Unfortunately, even after four decades APIs remain much more common in the sciences and the commercial realm—for example, the APIs provided by search behemoths Google and Yahoo—than in the humanities. There are some obvious reasons for this disparity. By supplying an API, the owners of a resource or tool generally bear most of the cost (on their taxed servers, in technical support and staff time) while receiving little or no (immediate) benefit. Moreover, by essentially making an end-run around the common or “official” ways of accessing a tool or project (such as a web search form for a digital archive), an API may devalue the hard work and thoughtfulness put into the more public front end for a digital project. It is perhaps unsurprising that given these costs even Google and Yahoo, which have the financial strength and personnel to provide APIs for their search engines, continue to keep these programs hobbled—after all, programmers can use their APIs to create derivative search engines that compete directly with Google’s or Yahoo’s results pages, with none of the diverting (and profitable) text advertising.

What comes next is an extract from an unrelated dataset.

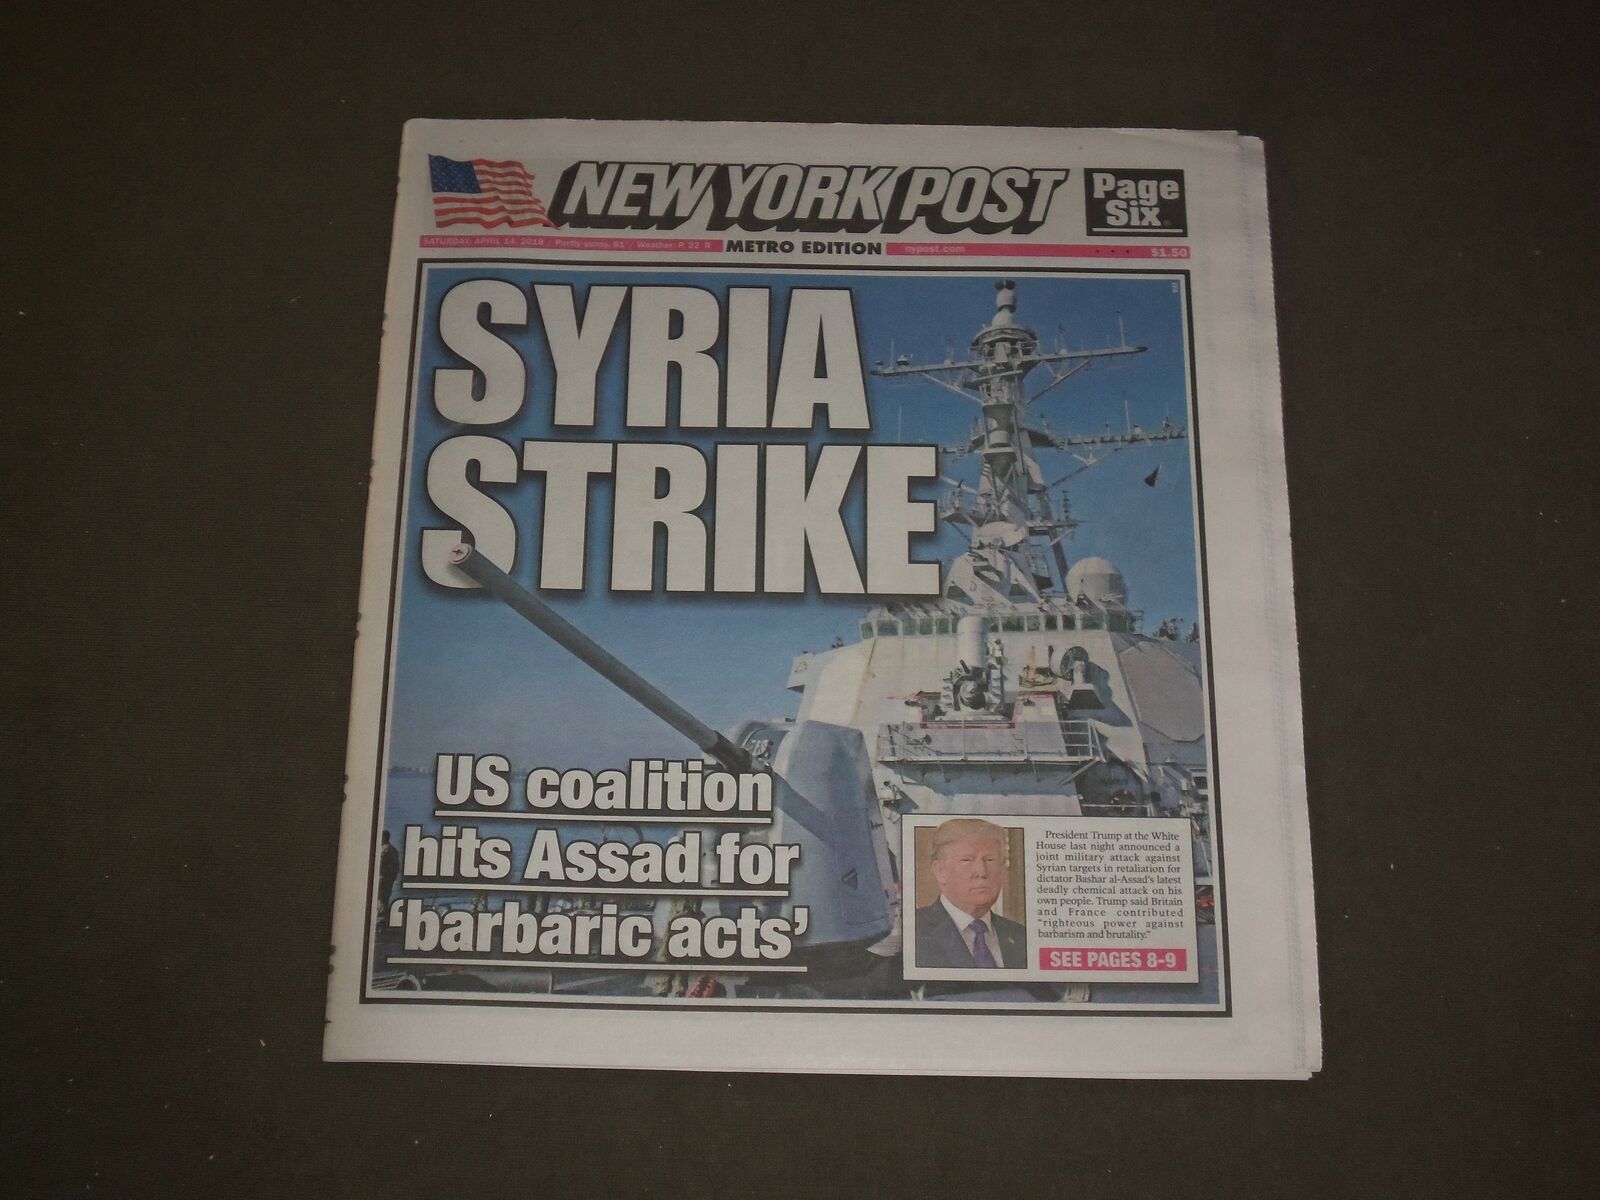 2018 APRIL 14 NEW YORK POST NEWSPAPER - METRO EDITION - SYRIA STRIKE

So why should projects in the digital humanities provide APIs, especially given their often limited (or nonexistent) funding compared to a Google or Yahoo? The reason IBM conceived APIs in the first place, and still today the reason many computer scientists find APIs highly beneficial, is that unlike other forms of access they encourage the kind of energetic and creative grass-roots and third-party development that in the long run—after the initial costs borne by the API’s owner—maximize the value and utility of a digital resource or tool. Motivated by many different goals and employing many different methodologies, users of APIs often take digital resources or tools in directions completely unforeseen by their owners. APIs have provided fertile ground for thousands of developers to experiment with the tremendous indices and document caches maintained by Google and Yahoo. New resources based on these APIs appear weekly, some of them hinting at new methods for digital research, data visualization techniques, and novel ways to data-mine texts and synthesize knowledge.

Is it possible—and worthwhile—for digital humanities projects to provide such APIs for their resources and tools? Which resources or tools would be best suited for an API, and how will the creators of these projects sustain such an additional burden? And are there other forms of access or interoperability that have equal or greater benefits with fewer associated costs?